What you should do
Nothing but the lines below from the one containing "Фото и видео" through the one containing "Crystal_Zach_Rustic-Farm-Wedding_015" should appear in the answer, exact and without pictures.

The input
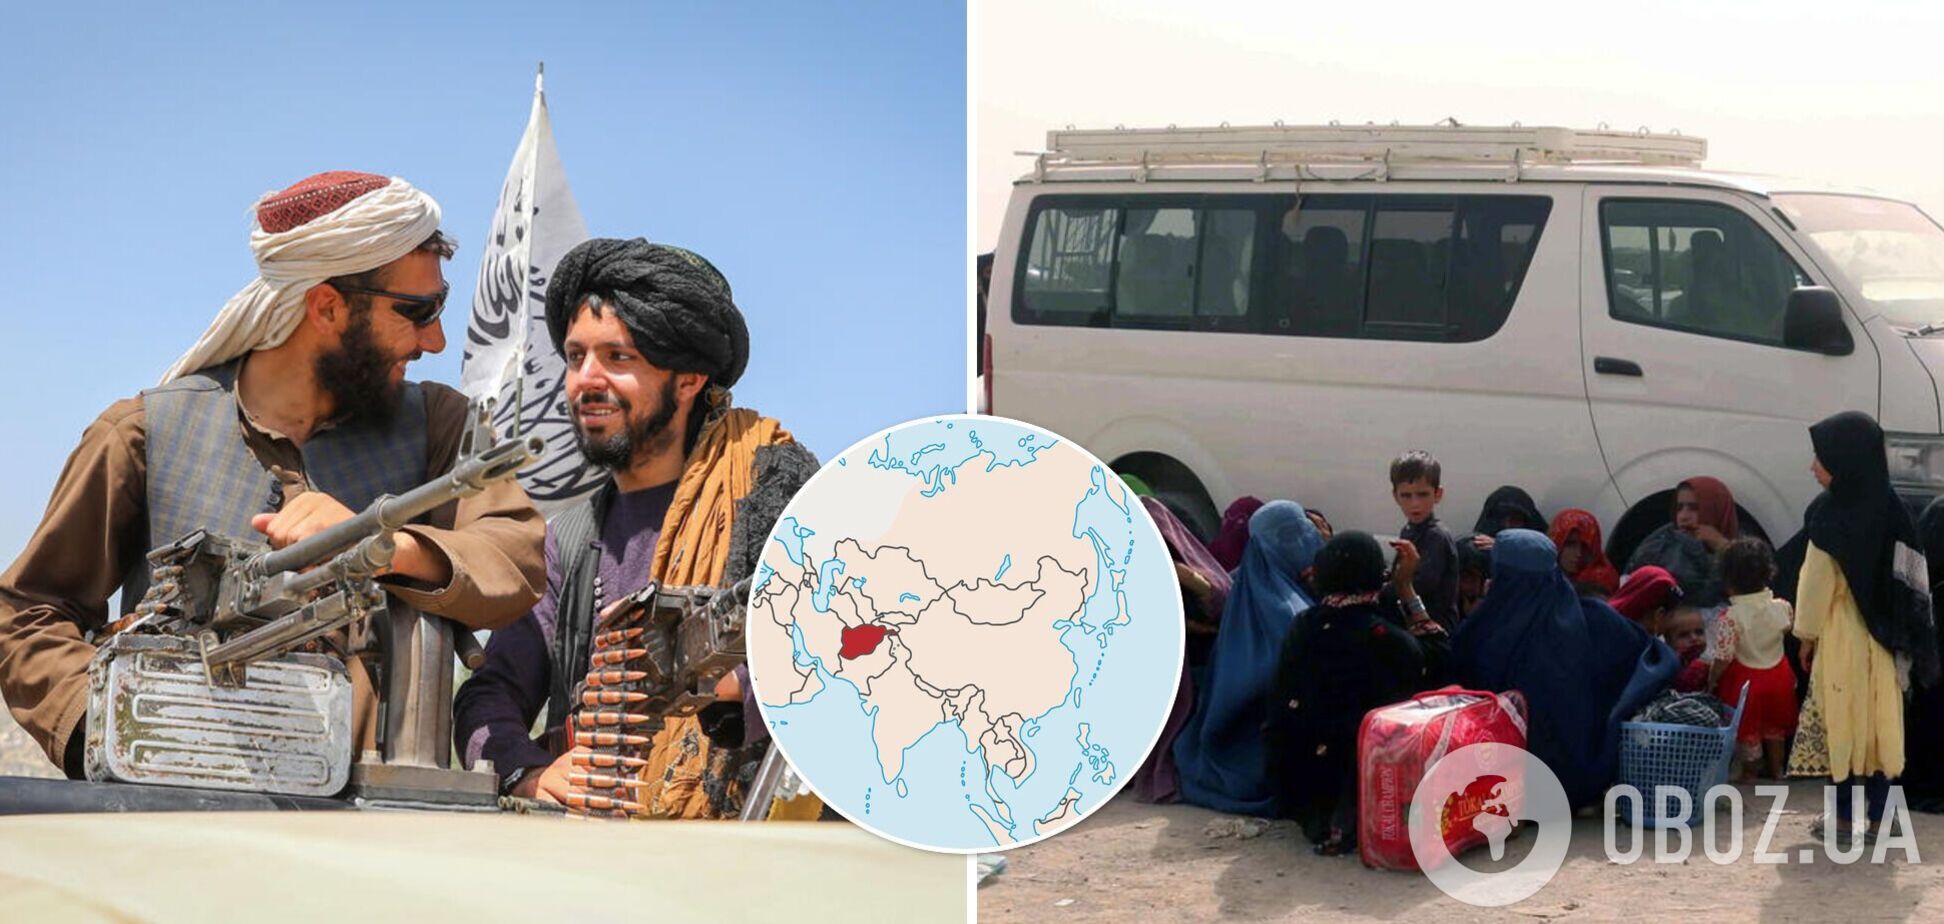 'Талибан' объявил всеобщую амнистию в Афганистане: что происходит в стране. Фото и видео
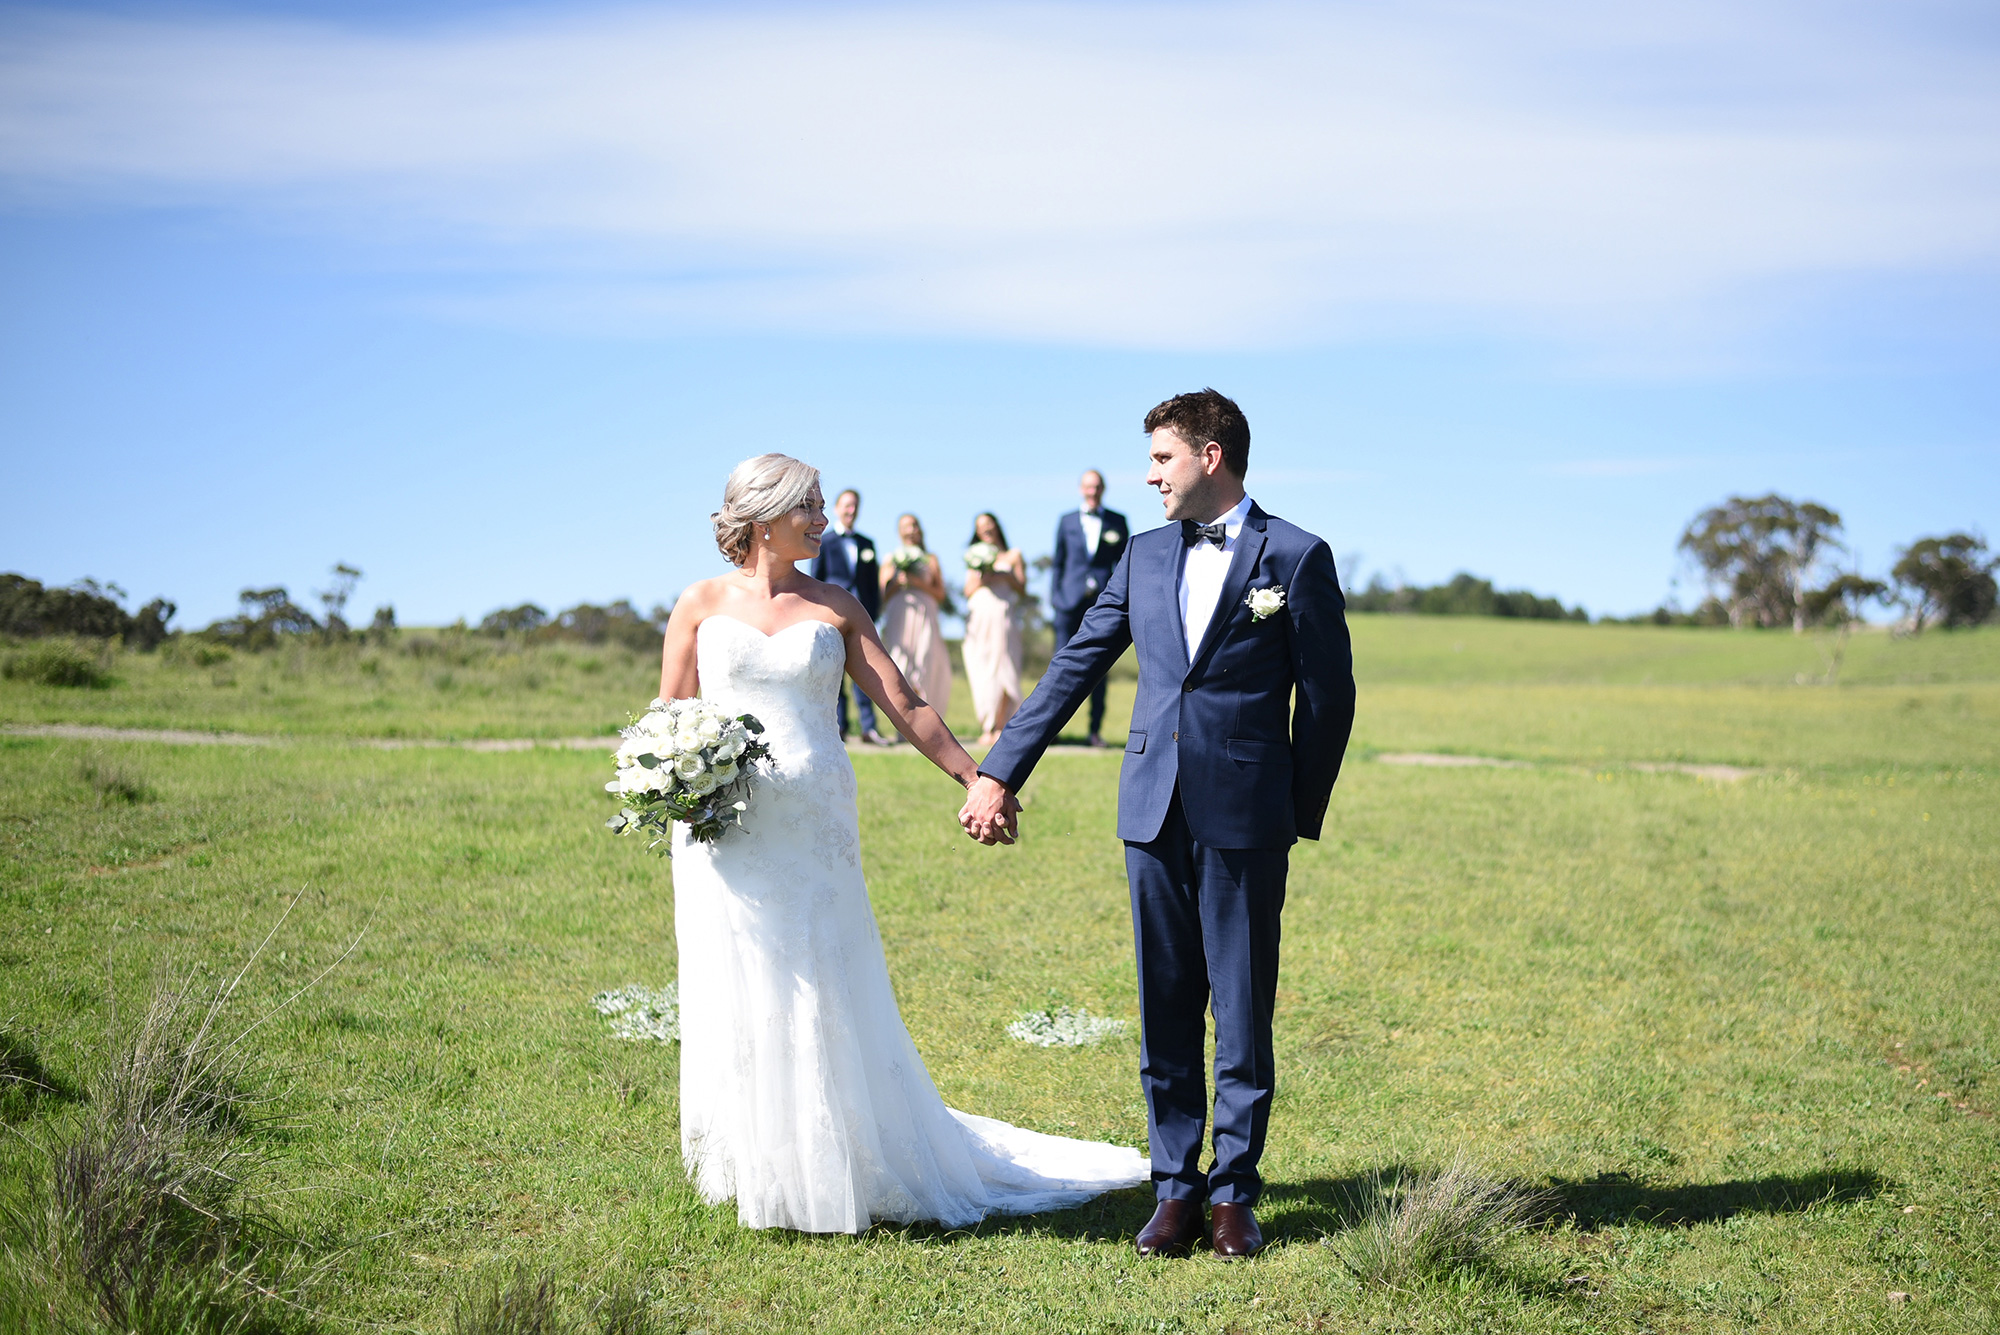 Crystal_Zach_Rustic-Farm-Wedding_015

--

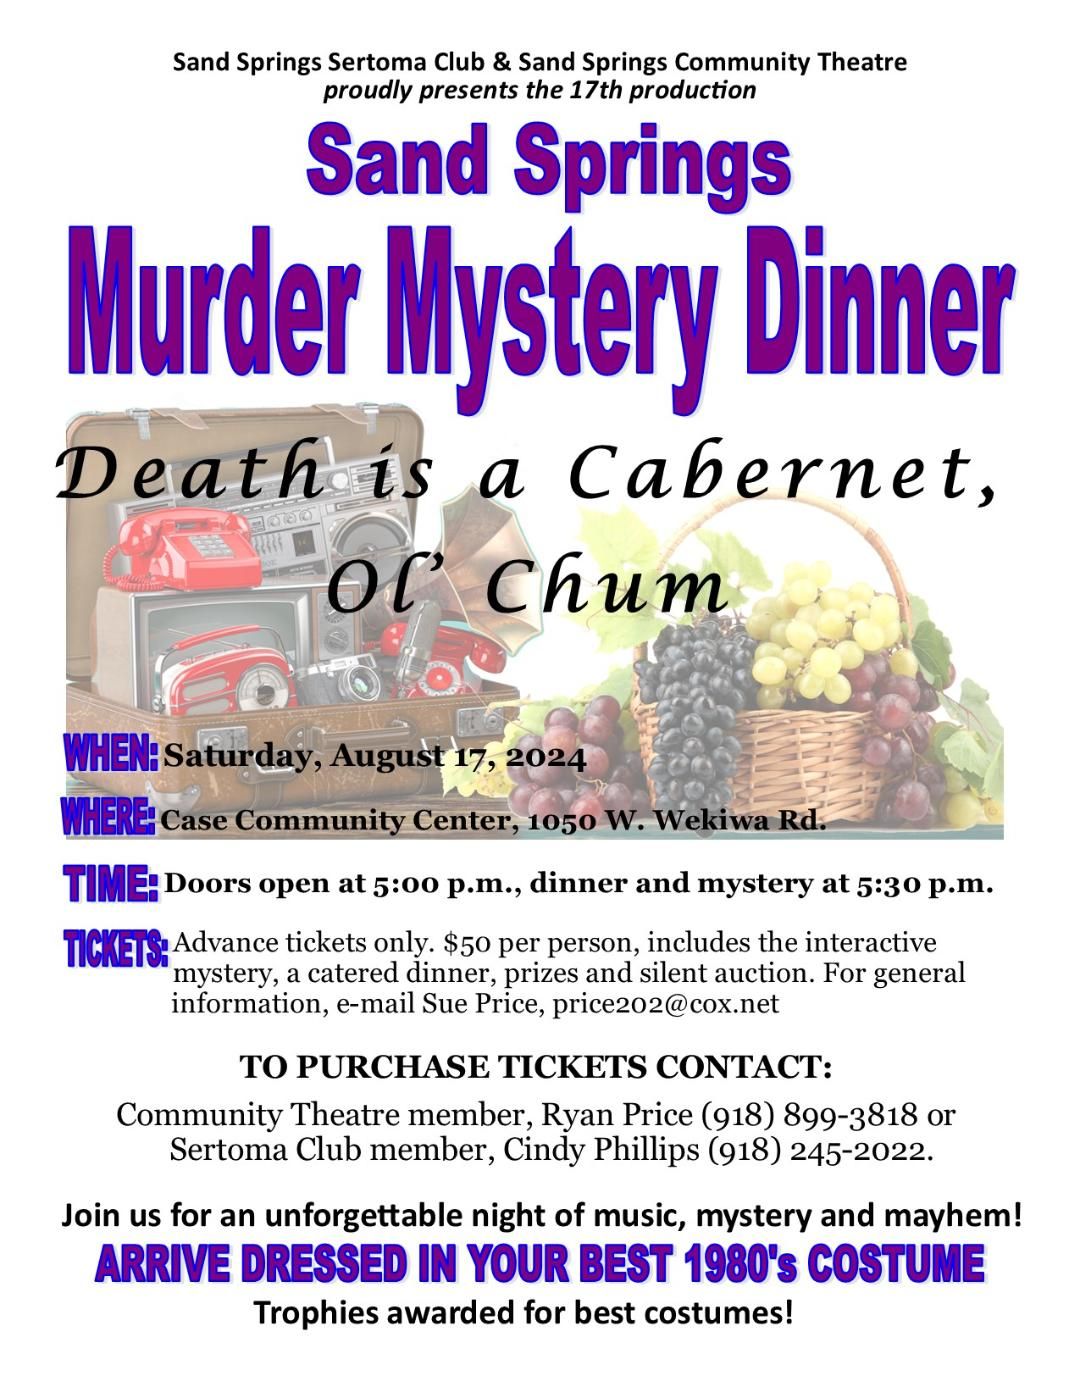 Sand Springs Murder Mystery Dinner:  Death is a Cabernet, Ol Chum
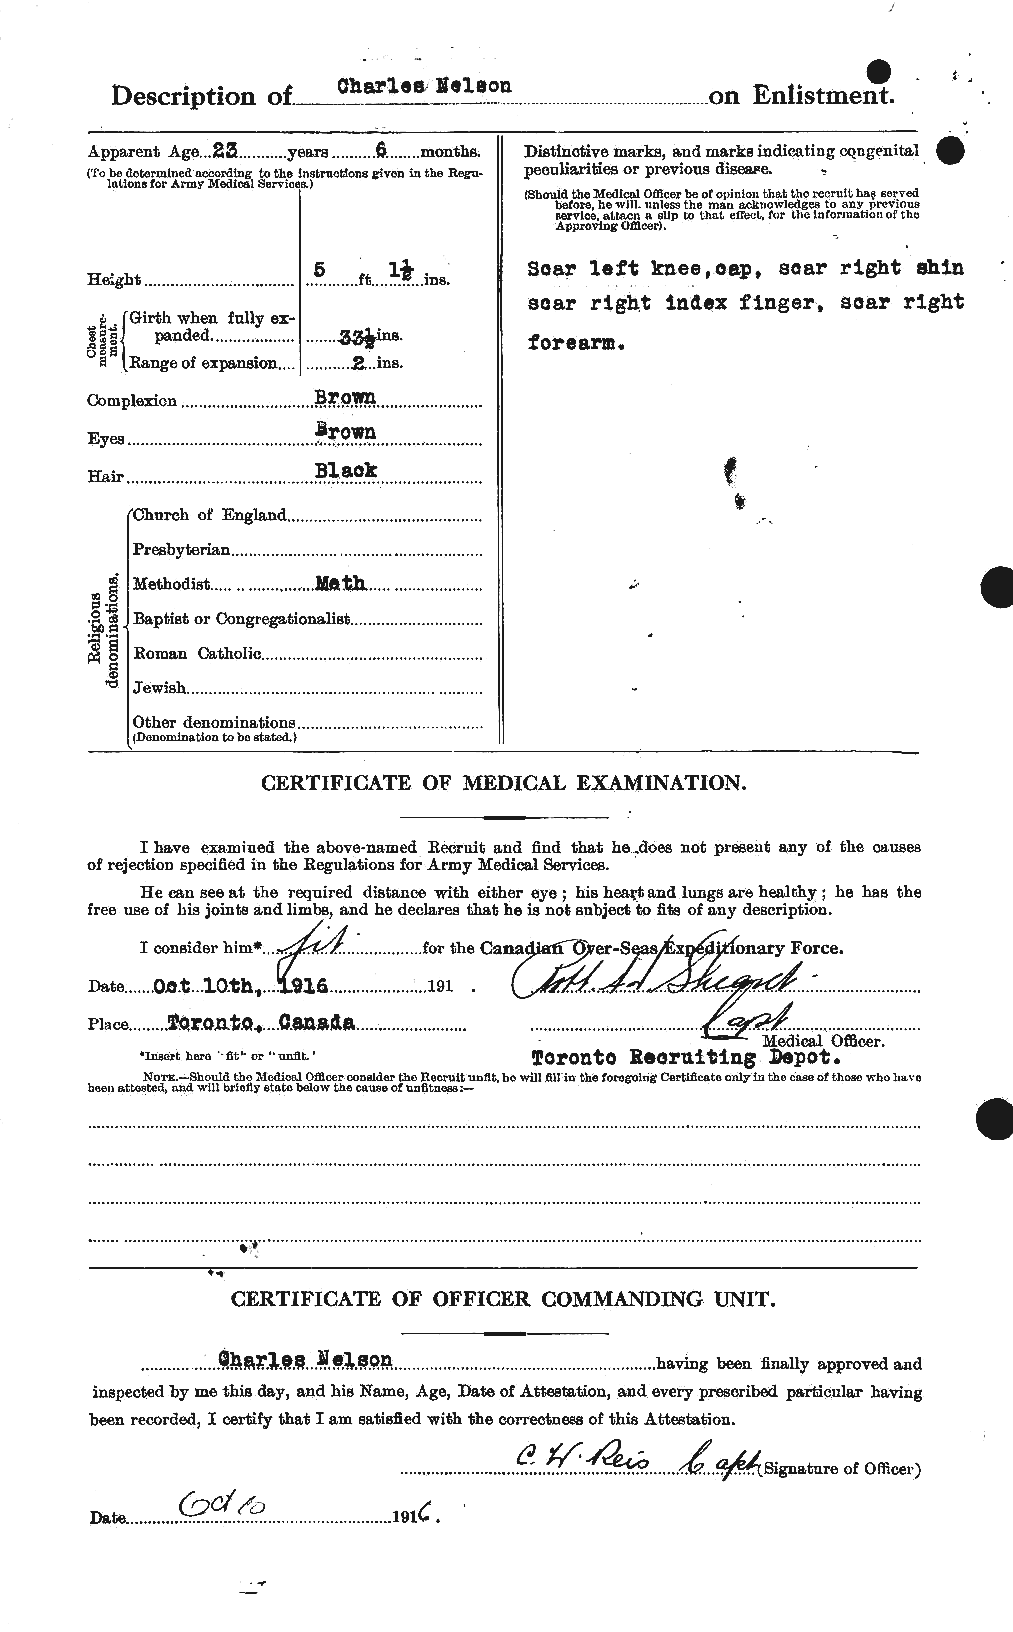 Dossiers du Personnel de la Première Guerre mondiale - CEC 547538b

Task answer
 'Талибан' объявил всеобщую амнистию в Афганистане: что происходит в стране. Фото и видео
 Crystal_Zach_Rustic-Farm-Wedding_015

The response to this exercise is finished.